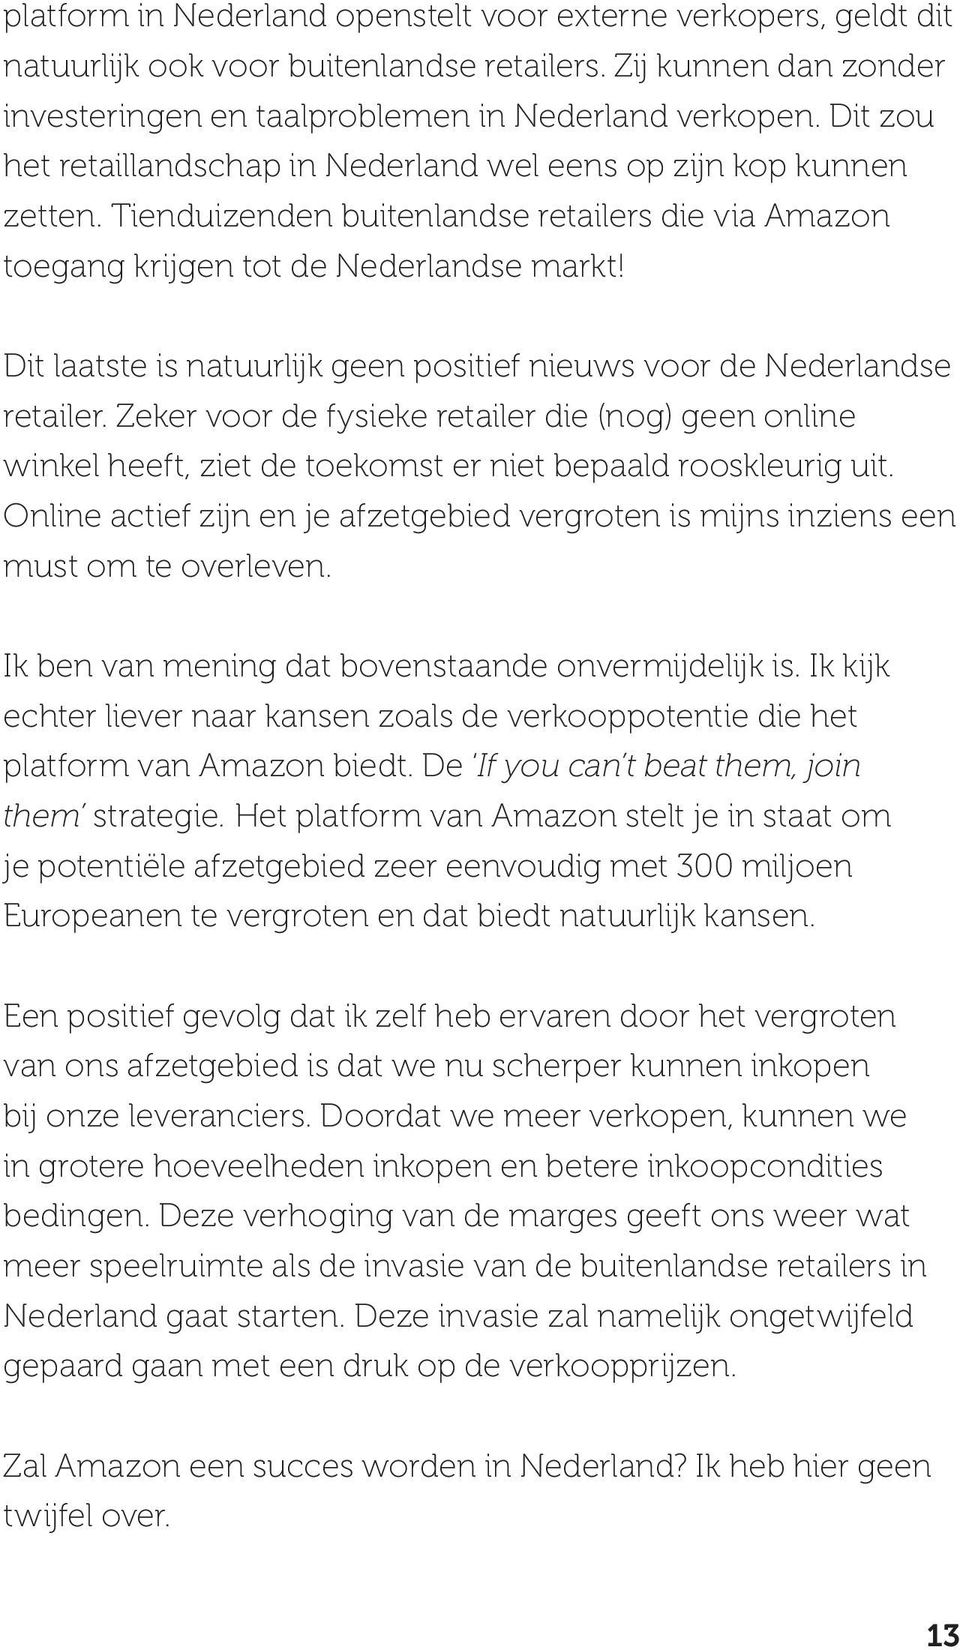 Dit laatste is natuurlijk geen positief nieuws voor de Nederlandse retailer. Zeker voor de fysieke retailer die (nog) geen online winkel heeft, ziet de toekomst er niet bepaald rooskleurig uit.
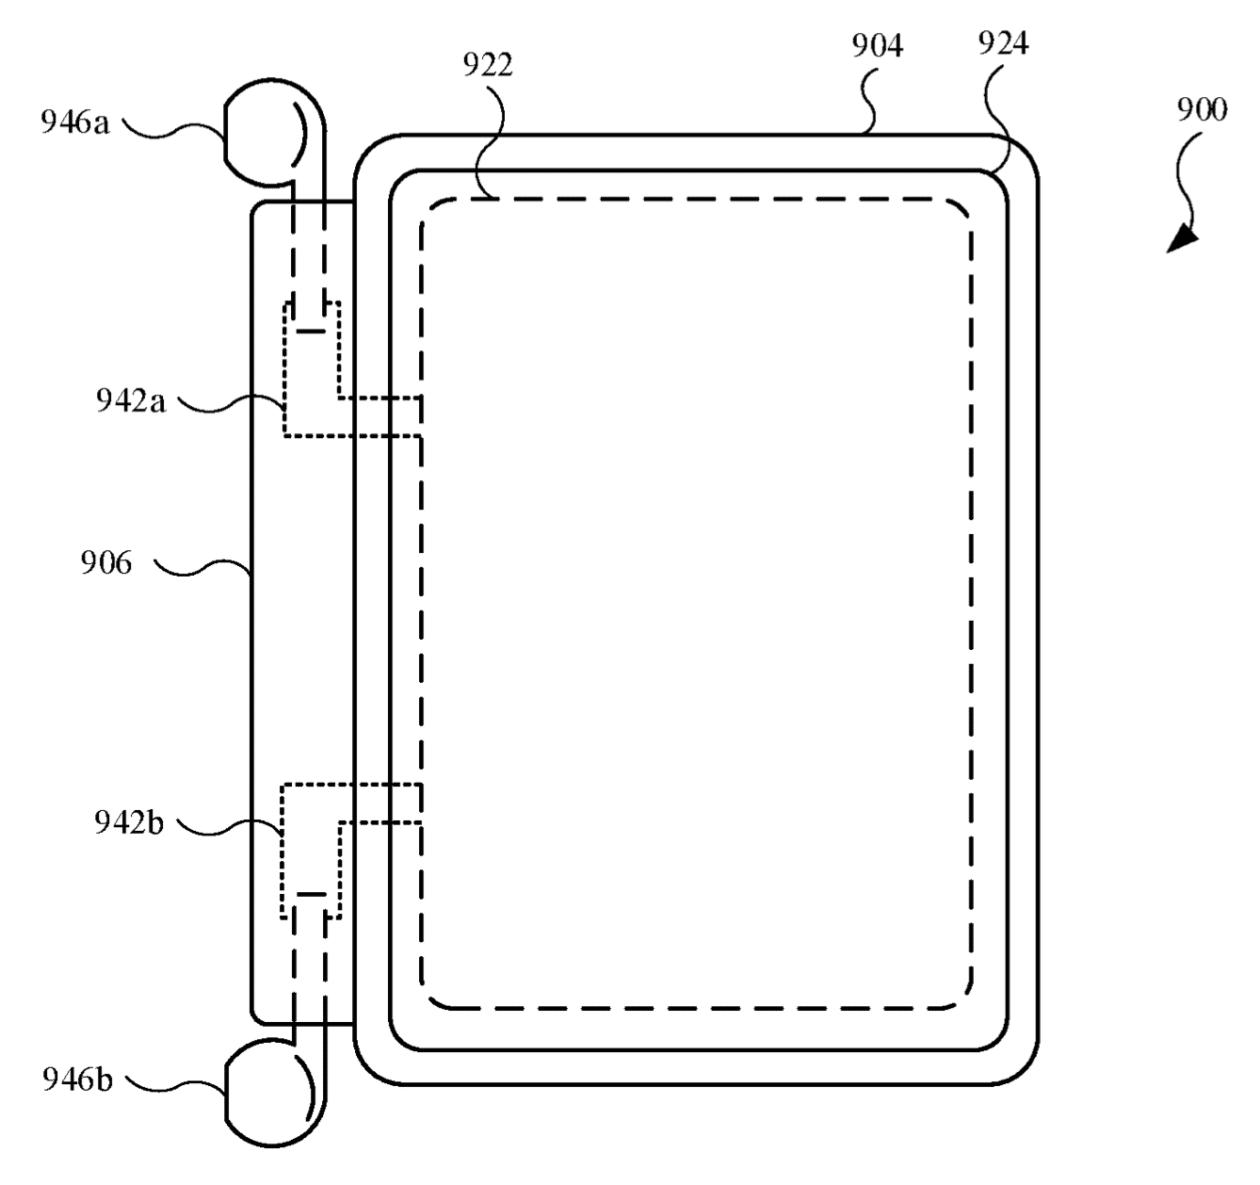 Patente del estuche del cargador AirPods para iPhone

- - - - - - -

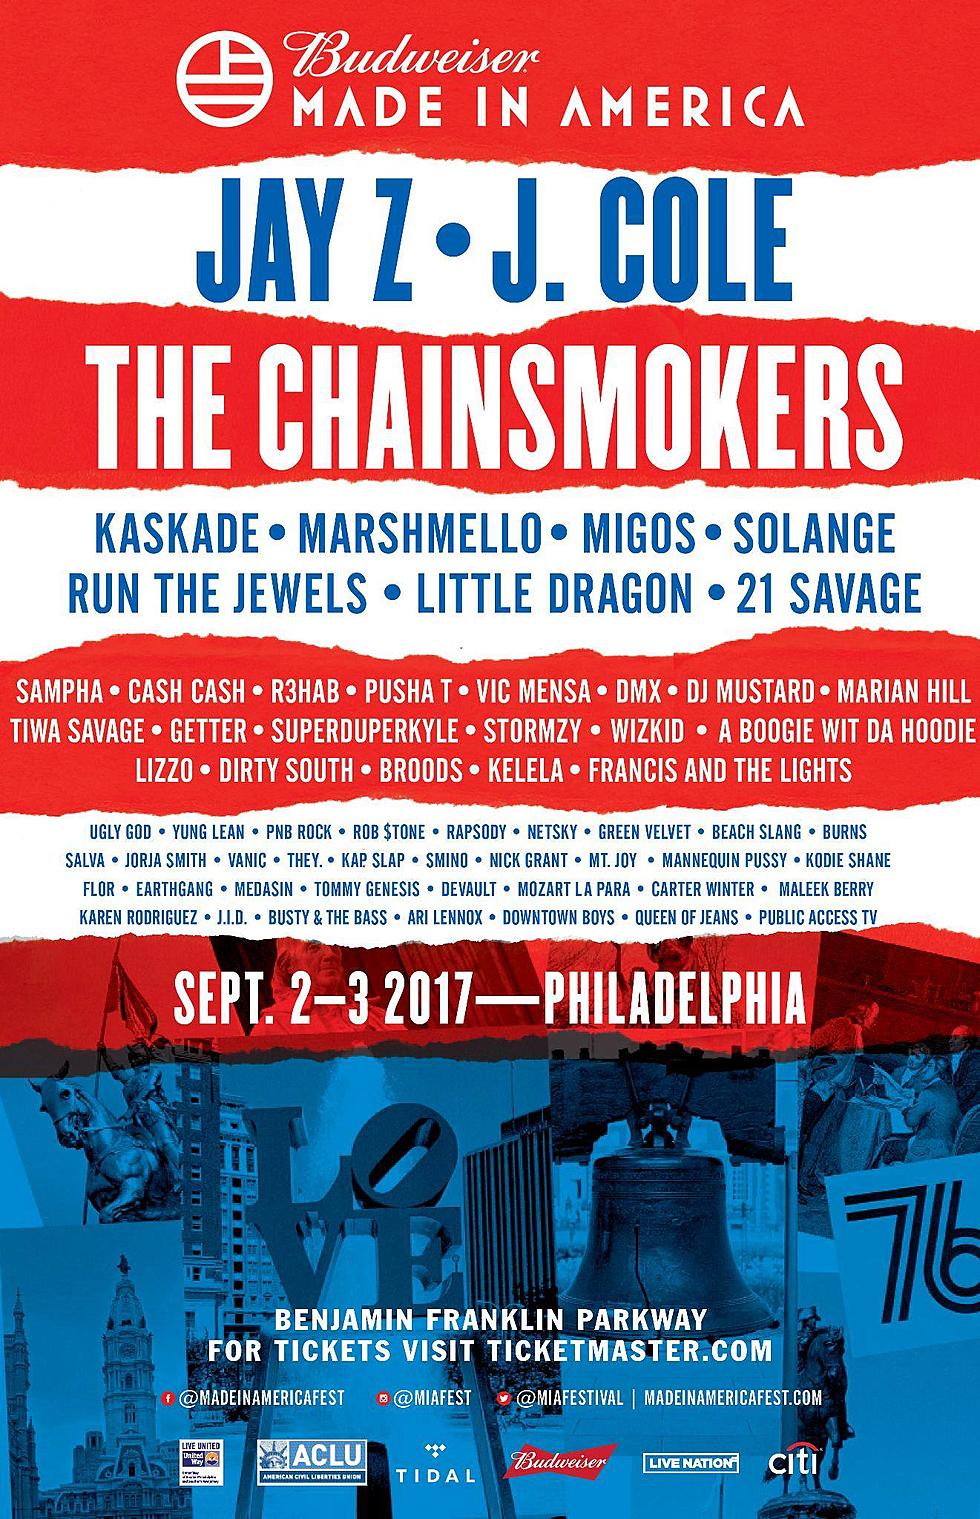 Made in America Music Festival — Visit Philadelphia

- - - - - - -

▸ **The problem**: Print an exact copy of the lines above, from the one containing "Dit laatste is" through the one containing "Patente del estuche", and leave out the pictures.

▸ **Reply**:
 Dit laatste is natuurlijk geen positief nieuws voor de Nederlandse retailer. Zeker voor de fysieke retailer die (nog) geen online winkel heeft, ziet de toekomst er niet bepaald rooskleurig uit.
 Patente del estuche del cargador AirPods para iPhone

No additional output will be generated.